A Cargojet unloads a shipment of personal protective equipment in Hamilton, Ont. after returning from Shanghai on April 11, 2020. (Cargojet/Twitter)

Carvin — an assistant professor at the Norman Paterson School of International Affairs at Carleton University — and Davis, a terrorism expert, both questioned whether improved pandemic early warning would accomplish anything beyond buying the government a few extra weeks to stockpile medical supplies and equipment.

“In this sense, a better place to invest is almost certainly in preparation, and specifically in planning and supplies. Canada’s resilience to pandemics will depend more on strategic supplies and community readiness,” they wrote.

The Trudeau government was ‘naive,’ says Bezan

Conservative defence critic James Bezan said he believes pandemics and their aftermath represent a clear and present danger.

Adversaries like Russia and China undoubtedly have been taking notes on how Western countries have coped with the virus, he said.
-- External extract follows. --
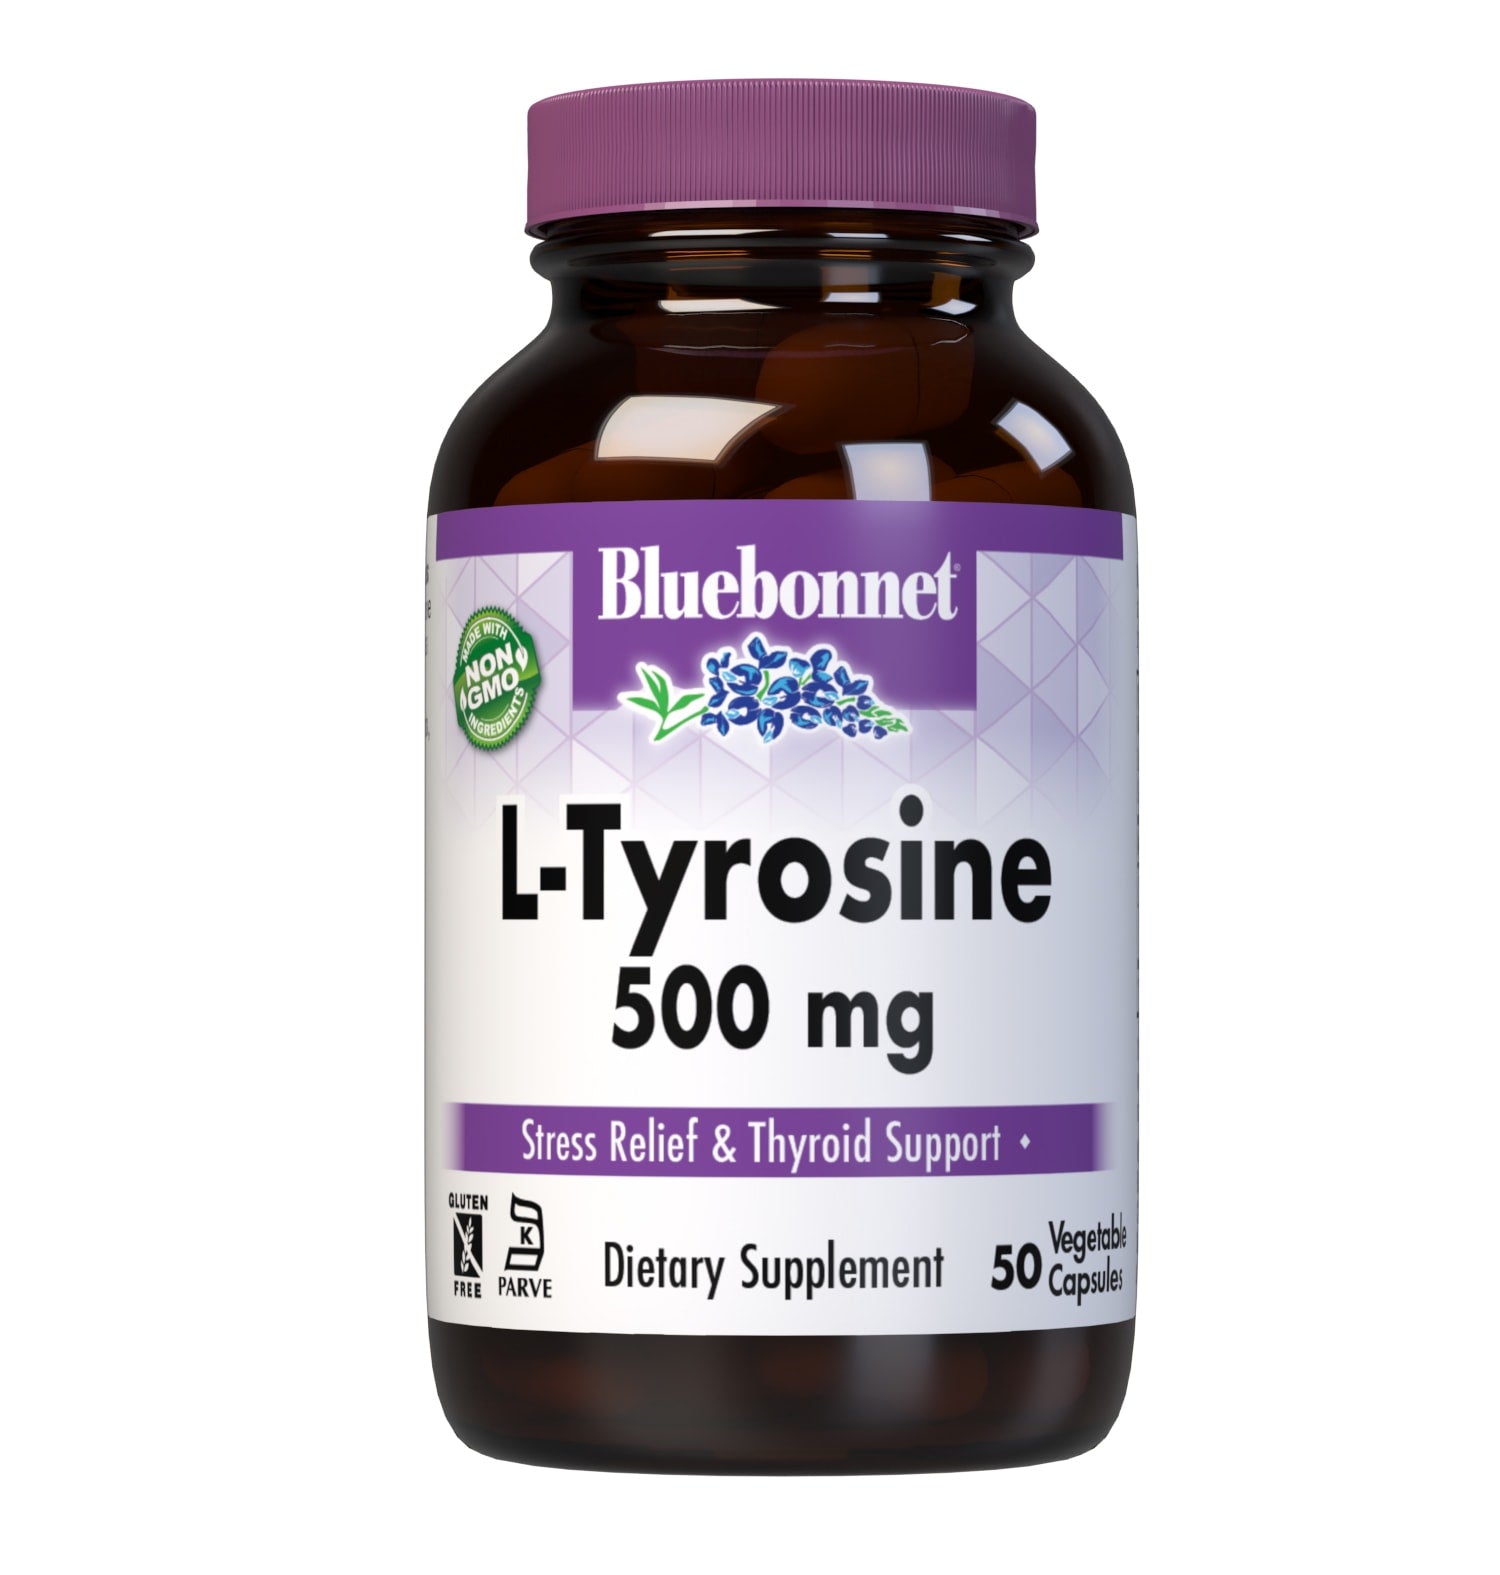 Bluebonnet L-Tyrosine 500 mg 50 Vegetable Capsules provide a free-form amino acid L-tyrosine in its crystalline form. #size_50 count

And while COVID-19 emerged naturally, he added, the idea of a country engineering a low-grade bioweapon capable of similar damage is far from inconceivable.

“We have to take early warning very, very seriously,” said Bezan, citing the absence of military intelligence in PHAC’s reports on the novel coronavirus. 

“It was naive on the part of the Liberal government and [Prime Minister] Justin Trudeau to only take the word of the WHO [World Health Organization] analysts,” he said. “Canadian lives were unnecessarily put at risk.”

The auditor general is investigating what went wrong with the country’s early warning system, including the PHAC risk assessments, which federal officials used to decide on anti-pandemic measures such as border closures and mask mandates.

“We’re starting to push into that terrain of opening our eyes to all of the things that went so badly wrong for Canada,” said Wark. “It will be a long journey and a painful one, I’m afraid, because so much did go wrong.”

Wark said he believes the country will have to rebuild its system for pandemic early warning and threat assessment “from the ground up.”